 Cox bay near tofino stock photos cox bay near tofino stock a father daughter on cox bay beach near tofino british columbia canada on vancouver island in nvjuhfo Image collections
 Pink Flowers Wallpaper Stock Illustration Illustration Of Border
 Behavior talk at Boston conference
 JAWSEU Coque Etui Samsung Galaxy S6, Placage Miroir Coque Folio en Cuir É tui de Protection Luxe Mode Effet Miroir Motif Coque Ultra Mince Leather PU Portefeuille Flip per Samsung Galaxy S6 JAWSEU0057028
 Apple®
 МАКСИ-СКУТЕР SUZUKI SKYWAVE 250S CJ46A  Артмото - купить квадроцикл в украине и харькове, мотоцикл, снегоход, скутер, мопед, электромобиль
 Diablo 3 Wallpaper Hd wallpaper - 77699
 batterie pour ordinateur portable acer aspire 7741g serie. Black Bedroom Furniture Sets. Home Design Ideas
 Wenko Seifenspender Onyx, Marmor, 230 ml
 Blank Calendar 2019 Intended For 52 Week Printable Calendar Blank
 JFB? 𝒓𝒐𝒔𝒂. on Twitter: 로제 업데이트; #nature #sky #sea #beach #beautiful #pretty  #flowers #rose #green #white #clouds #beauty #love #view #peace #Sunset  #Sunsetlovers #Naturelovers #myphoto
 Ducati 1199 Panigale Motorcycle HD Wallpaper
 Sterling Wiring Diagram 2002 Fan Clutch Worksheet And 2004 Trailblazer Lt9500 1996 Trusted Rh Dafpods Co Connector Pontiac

* * *

Problem to solve ::
Transcribe the material above in full, keeping every word.

Answer to this problem ::
 Cox bay near tofino stock photos cox bay near tofino stock a father daughter on cox bay beach near tofino british columbia canada on vancouver island in nvjuhfo Image collections
 Pink Flowers Wallpaper Stock Illustration Illustration Of Border
 Behavior talk at Boston conference
 JAWSEU Coque Etui Samsung Galaxy S6, Placage Miroir Coque Folio en Cuir É tui de Protection Luxe Mode Effet Miroir Motif Coque Ultra Mince Leather PU Portefeuille Flip per Samsung Galaxy S6 JAWSEU0057028
 Apple®
 МАКСИ-СКУТЕР SUZUKI SKYWAVE 250S CJ46A  Артмото - купить квадроцикл в украине и харькове, мотоцикл, снегоход, скутер, мопед, электромобиль
 Diablo 3 Wallpaper Hd wallpaper - 77699
 batterie pour ordinateur portable acer aspire 7741g serie. Black Bedroom Furniture Sets. Home Design Ideas
 Wenko Seifenspender Onyx, Marmor, 230 ml
 Blank Calendar 2019 Intended For 52 Week Printable Calendar Blank
 JFB? 𝒓𝒐𝒔𝒂. on Twitter: 로제 업데이트; #nature #sky #sea #beach #beautiful #pretty  #flowers #rose #green #white #clouds #beauty #love #view #peace #Sunset  #Sunsetlovers #Naturelovers #myphoto
 Ducati 1199 Panigale Motorcycle HD Wallpaper
 Sterling Wiring Diagram 2002 Fan Clutch Worksheet And 2004 Trailblazer Lt9500 1996 Trusted Rh Dafpods Co Connector Pontiac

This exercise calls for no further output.